A Kaplan-Meir plot with a Log-Rank test was used to conduct a survival analysis. In particular, we investigated whether the clinical status was affecting the completion rate of the study over time. Finally, we employed a Cox proportional hazards model to assess whether dropout risk was influenced by clinical status and demographics, including age, sex, and years of education. We estimated hazard ratios and their confidence intervals to quantify the magnitude and direction of these effects.
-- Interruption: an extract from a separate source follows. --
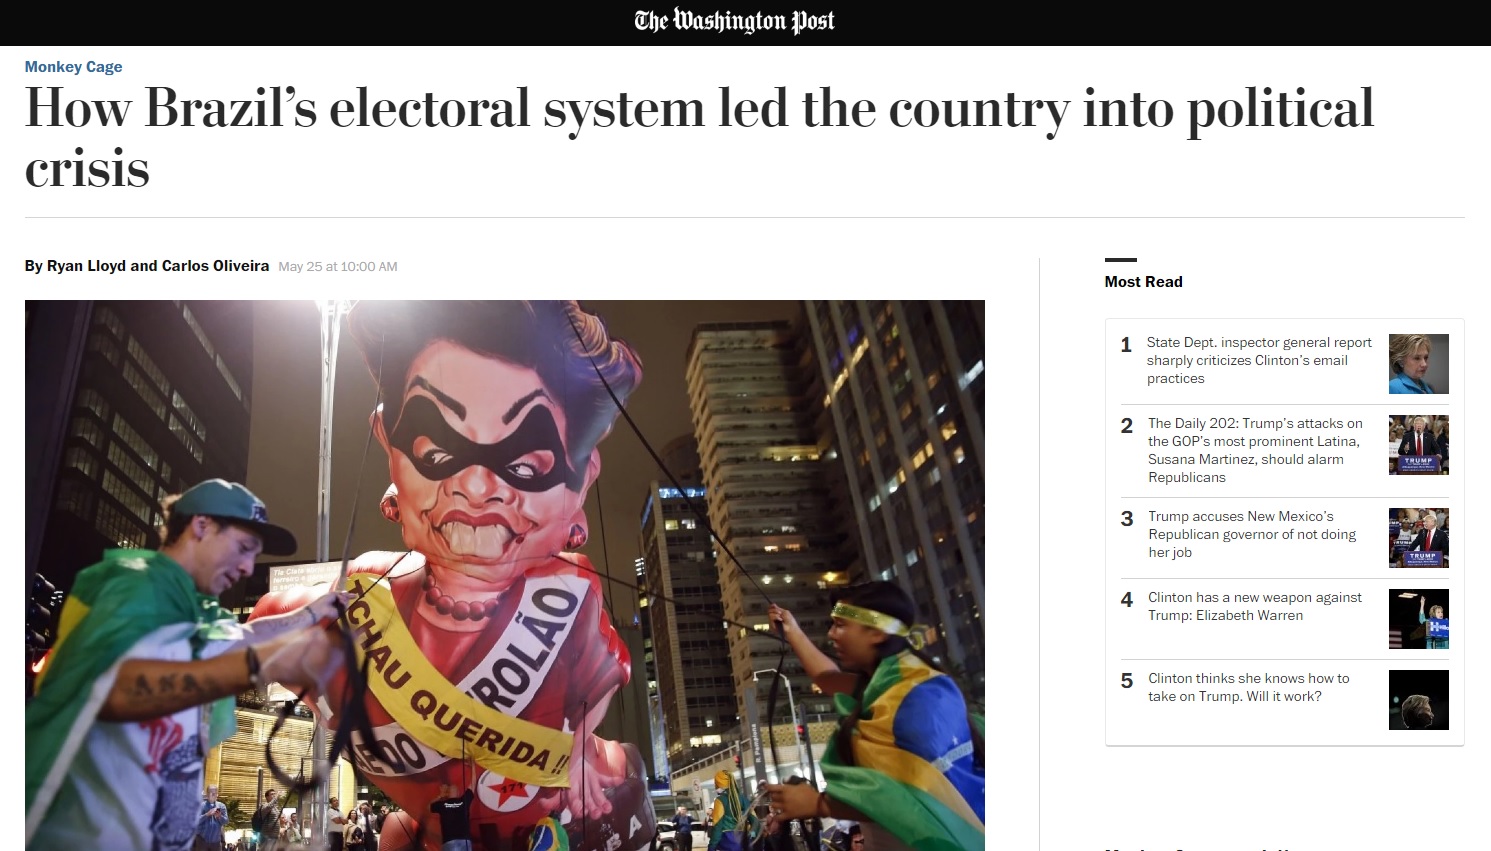 Sistema político é origem da crise vivida no Brasil, diz 'Washington Post'

All statistical analyses were performed with a significance level of ɑ = 0.05. In order to control for the possibility of false positives, we applied the False Discovery Rate correction when appropriate.
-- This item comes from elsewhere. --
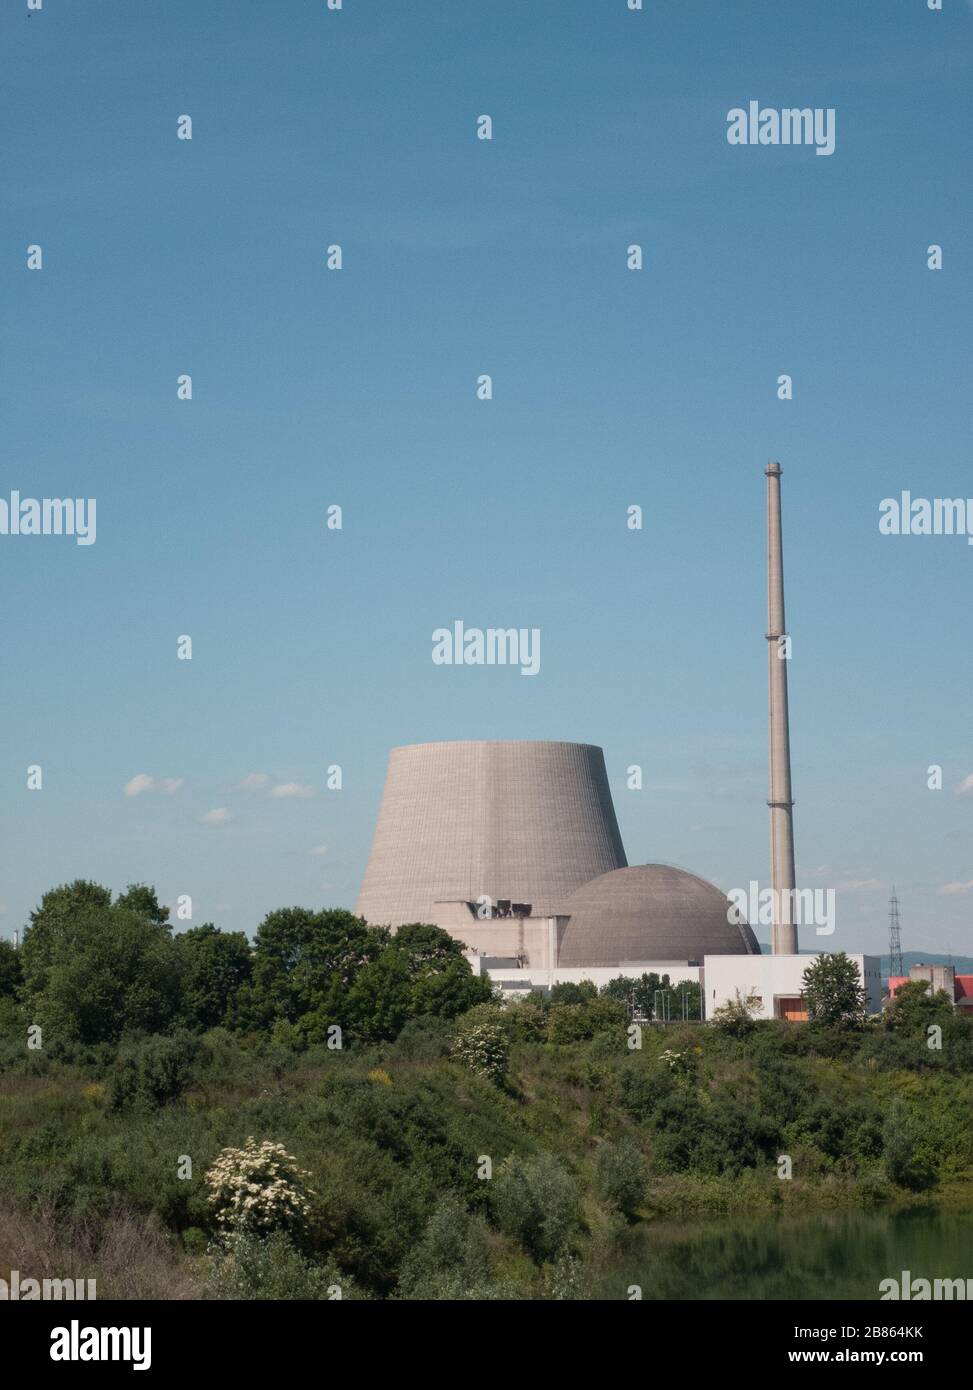 La centrale nucleare di Mulheim-Karlich (Germania) è stata chiusa, con la torre di raffreddamento parzialmente demolita della centrale chiusa Foto Stock

The Verily Study Watch collected data on participants’ sleep patterns, including sleep staging (xxx), total time in bed, awake and sleep hours. Health related data, such as pulse rate and xxx and daily physical activity indicators, namely step counts were also included. Raw data were preprocessed using the algorithms developed by the Verily data science units as indicated in the PPMI methods and in the following papers. As reported in the compliance analysis methods and results, we filtered the data to cover approximately 1 year (≈52 weeks) of smartwatch usage with average daily use = 79% ± 23% for each participant. Then we proceeded to aggregate the data in daily measurement. Step counts and in bed time were summed up on a daily basis, while the other variables, which were provided as hourly means, were reshaped into daily means or weighted means, where the weights are the number of measurements in each hour. The missing values in these time series were then imputed by spline interpolation and outliers were capped to the 0.25 and 0.75 centile. Finally, we performed Seasonal and Trend decomposition using Loess (STL) using the additive model to obtain the trend data corrected by the weekly seasonality.
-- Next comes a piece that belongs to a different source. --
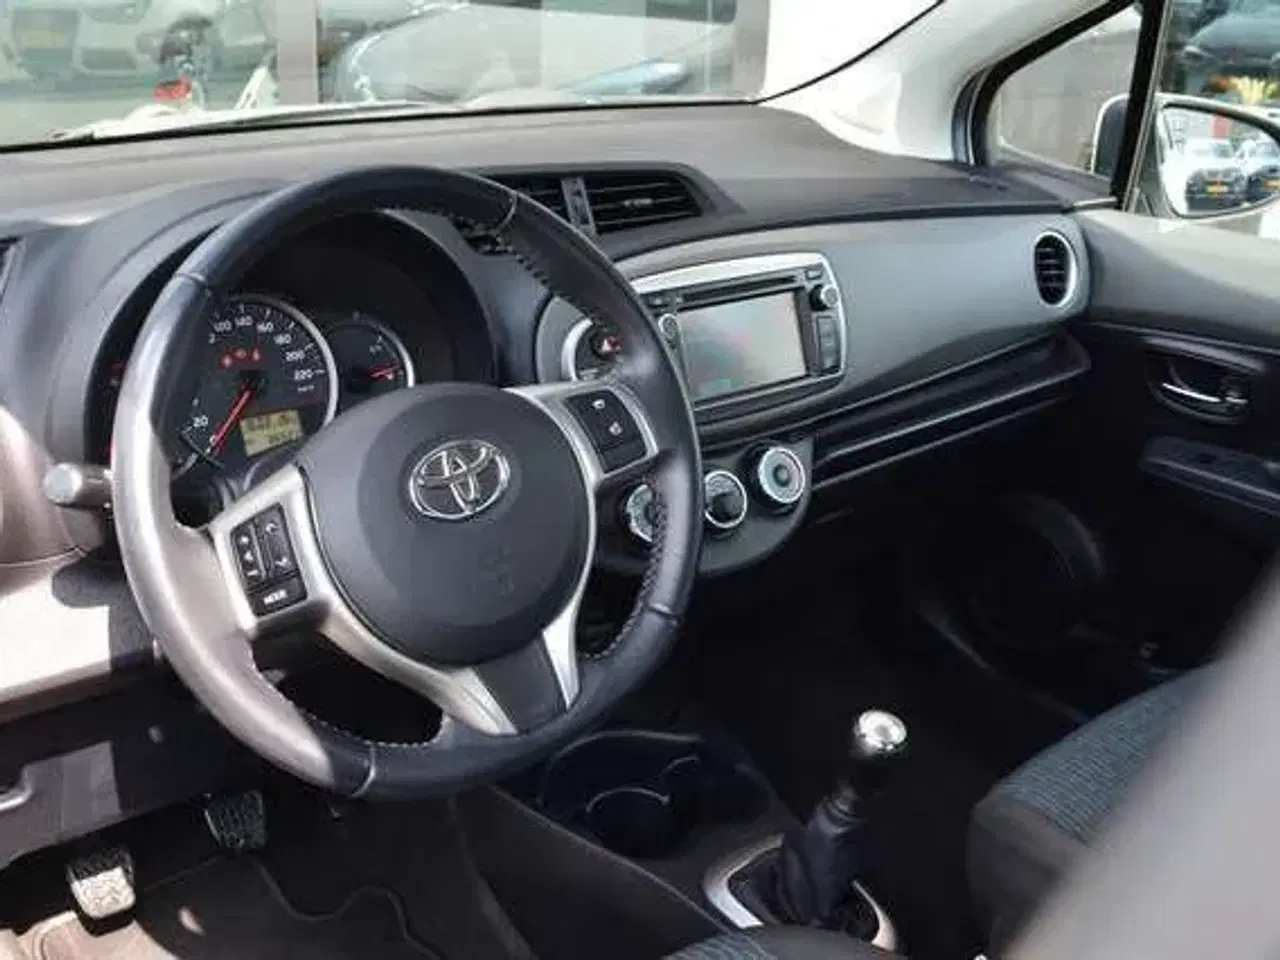 Billede 3 - Toyota Yaris fra 2013 sælges som reservedele.

We tested if the slope of each predictor, representing the amount of change in a year, predicted the change in UPDRS total score. To do so, we computed the slope of our predictors starting from the first week of the experiment. On this dataset, we fitted an empty GLM model as baseline, and another GLM with the predictors extracted from the automated model selection and multimodel inference with (G)LMs framework via genetic algorithm. At the end we collected the performance metrics (BIC, RMSE, LRT, R2), added to the original dataset the data from week 2 and repeated this loop until the last dataset contained all the data for that year. At each step we collected and aggregated metrics from baseline and the actual fit to compare them successively. All the analyses were performed in R.